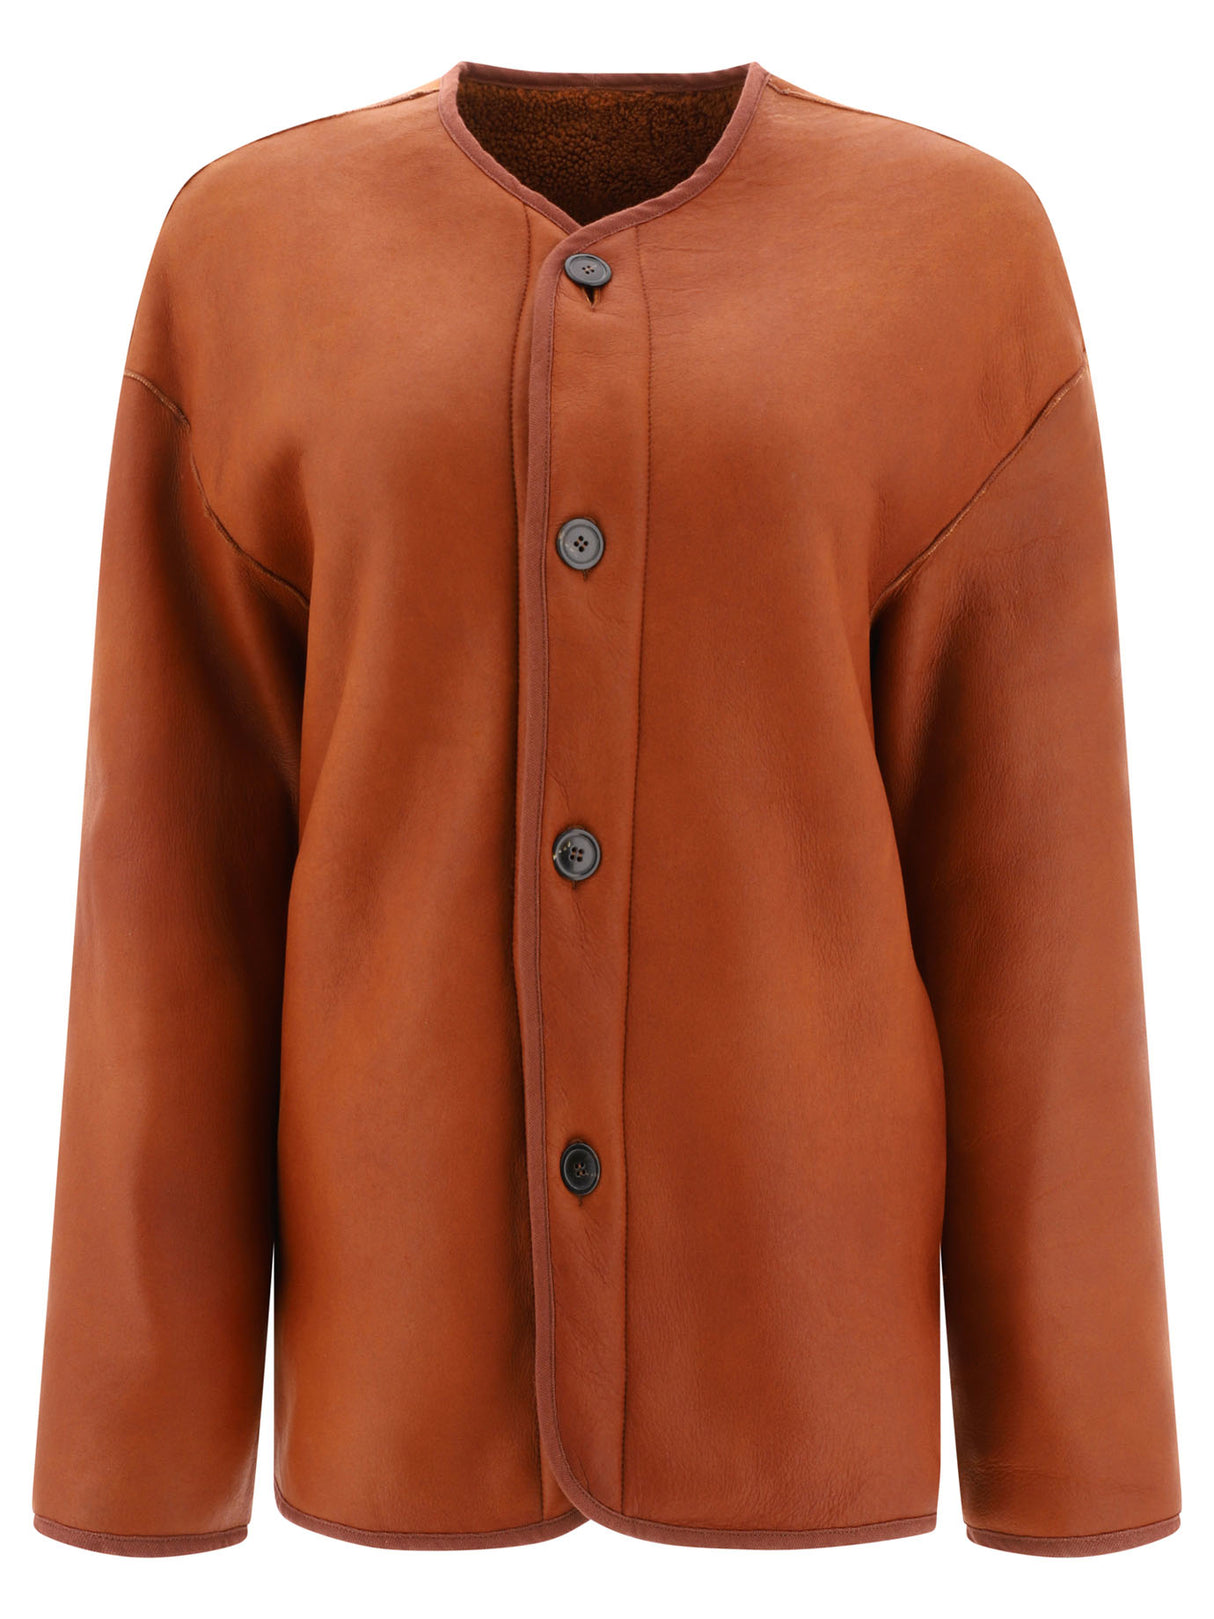 GIOVI Reversible Shearling Jacket for Women
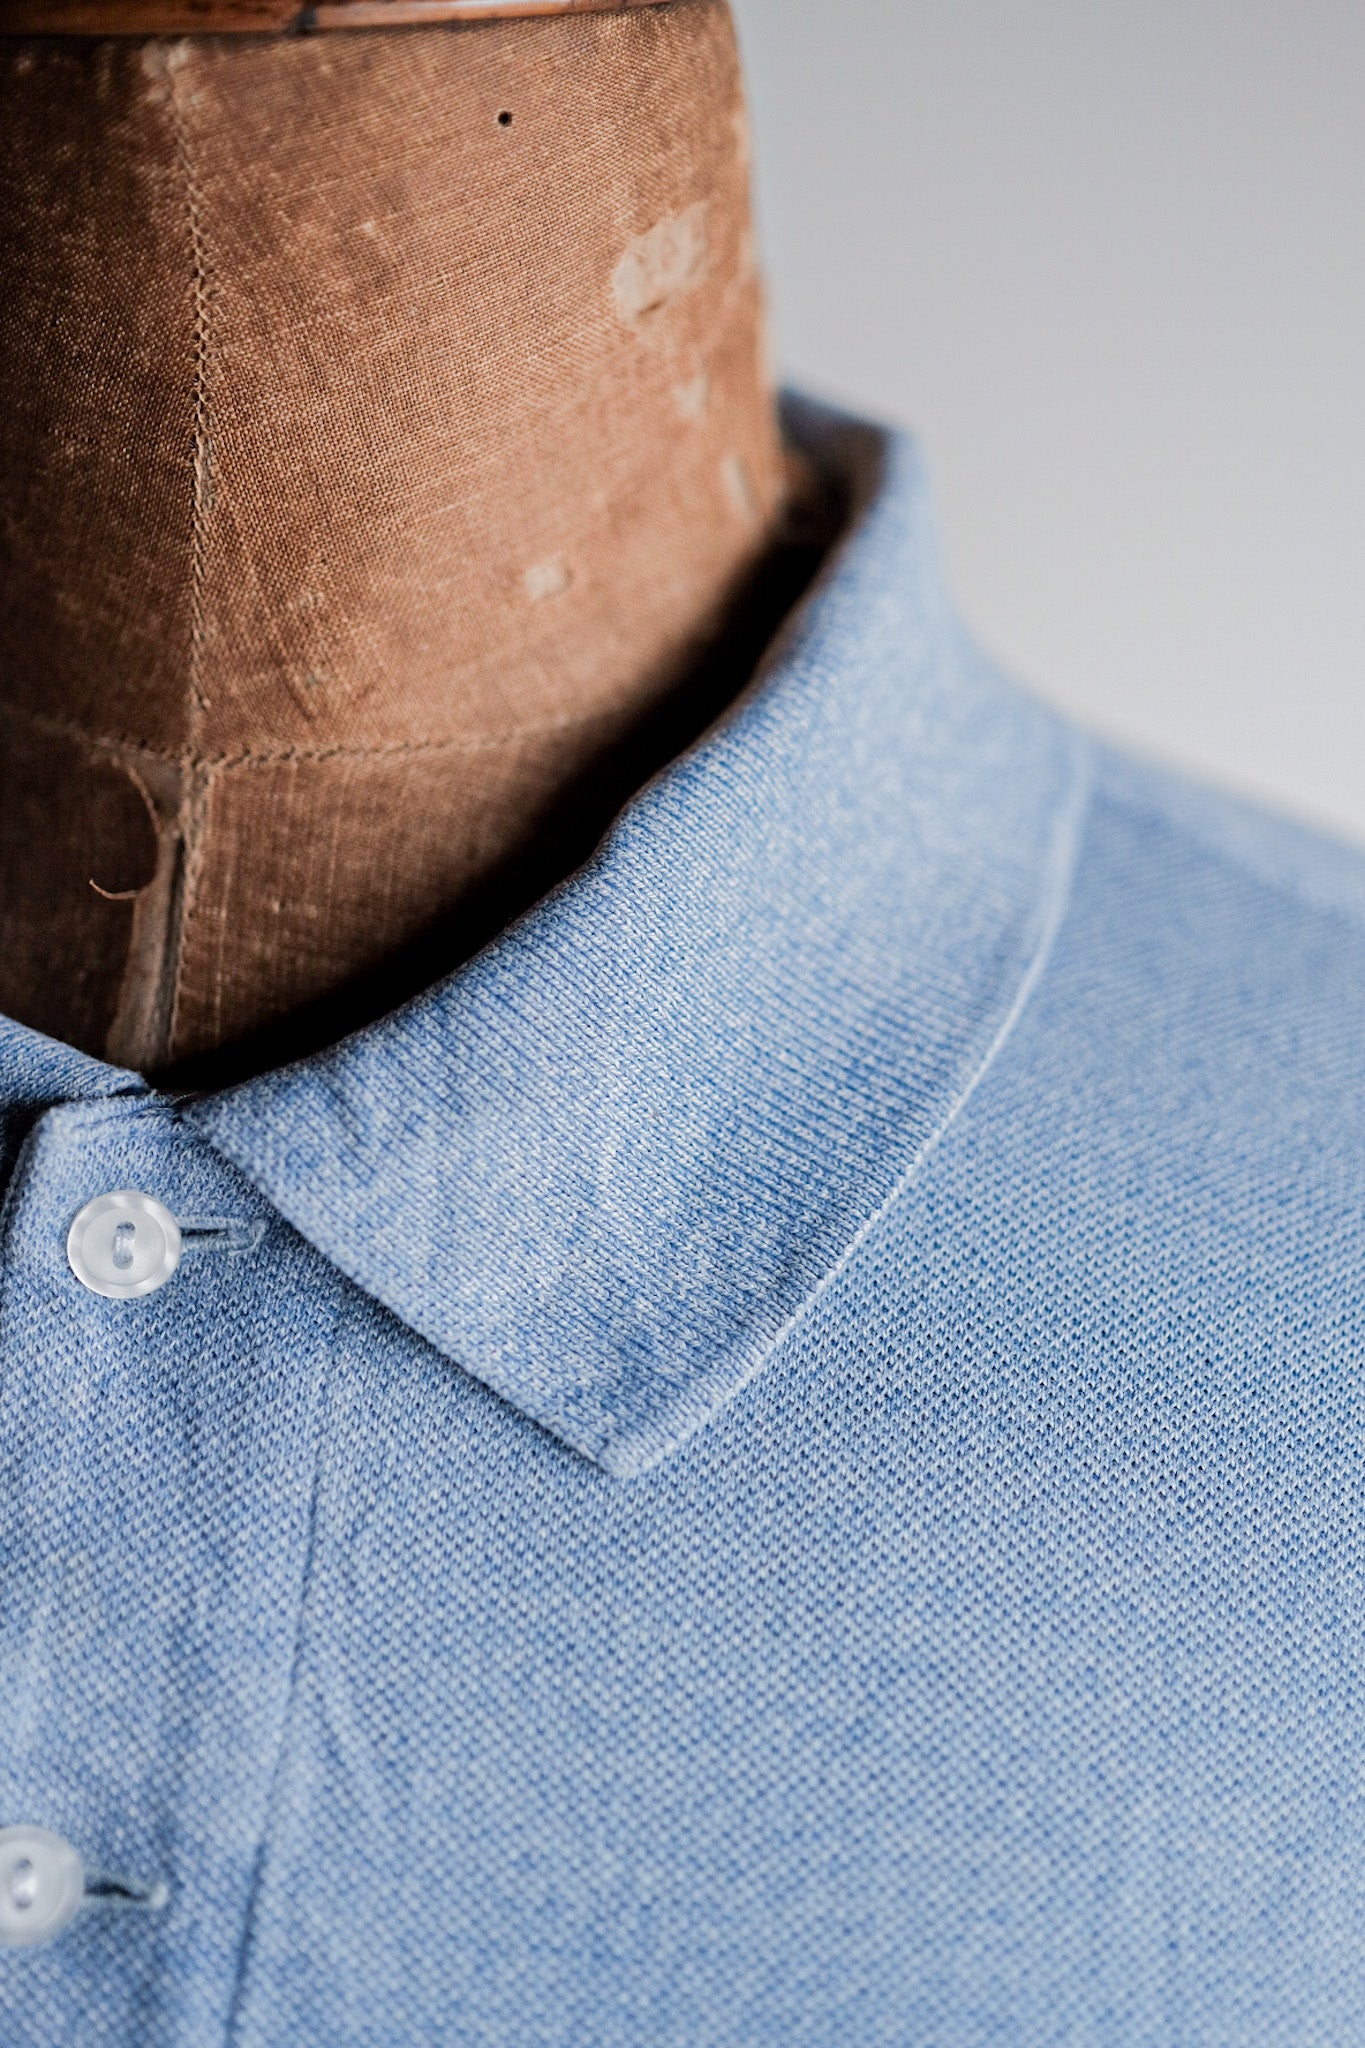 【~80's】CHEMISE LACOSTE L/S Polo Shirt Size.5 "Marbling Light Blue"
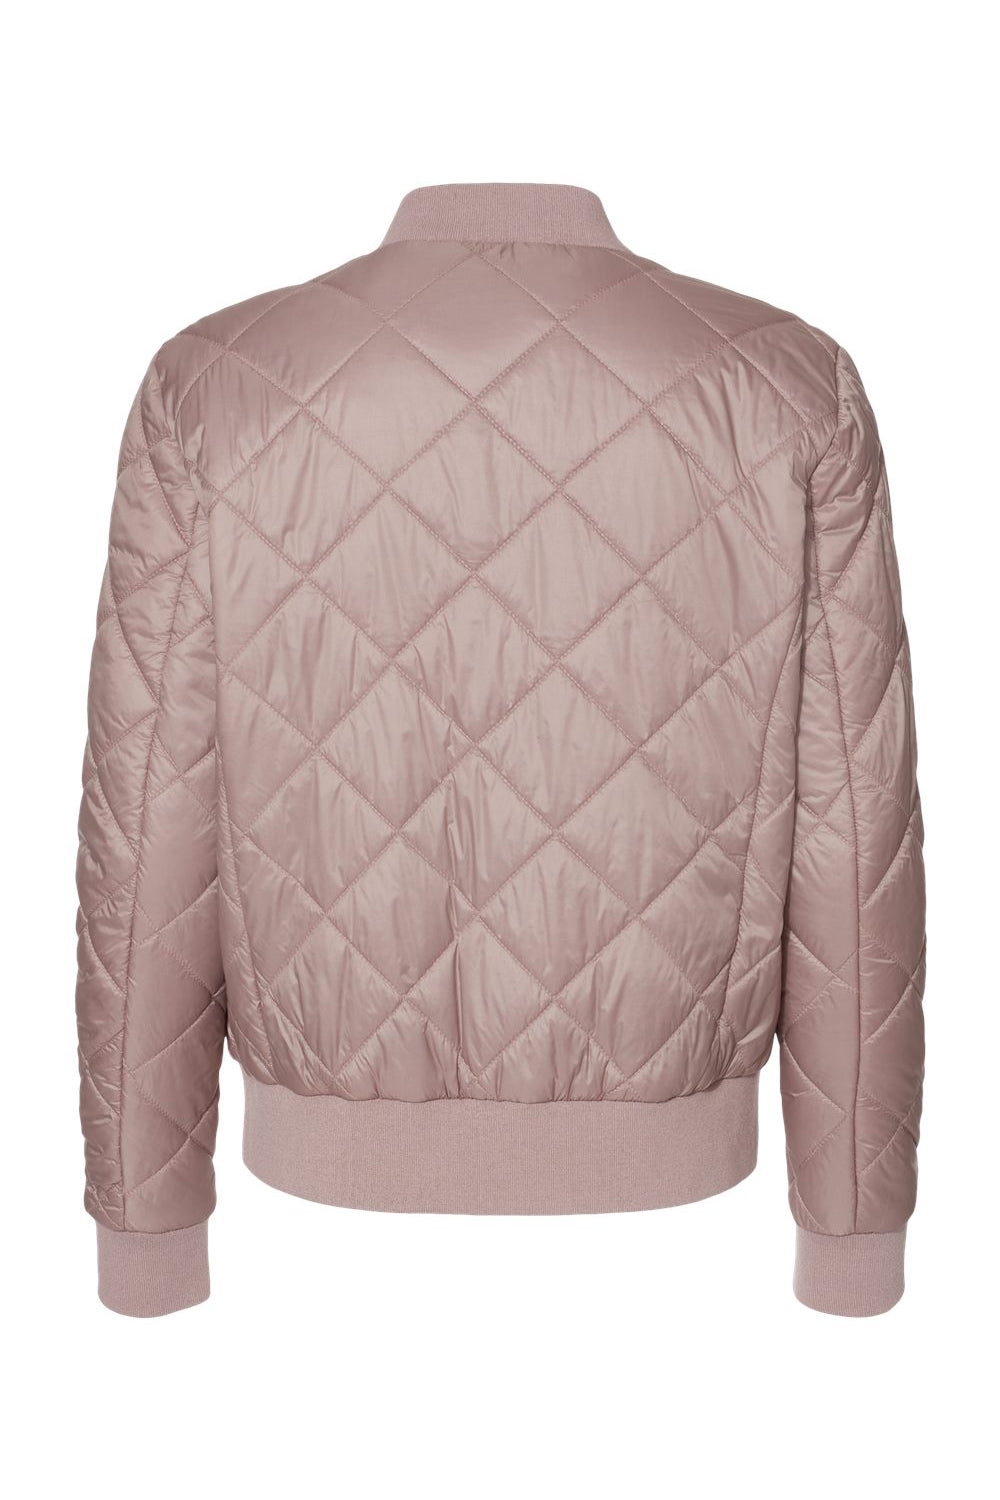 Weatherproof W21752 Womens HeatLast Quilted Packable Full Zip Bomber Jacket Blush Pink Flat Back

» Work instruction: Reproduce the whole listing verbatim and keep all pictures out of it.

» Result of the task:
 GIOVI Reversible Shearling Jacket for Women
 【~80's】CHEMISE LACOSTE L/S Polo Shirt Size.5 "Marbling Light Blue"
 Weatherproof W21752 Womens HeatLast Quilted Packable Full Zip Bomber Jacket Blush Pink Flat Back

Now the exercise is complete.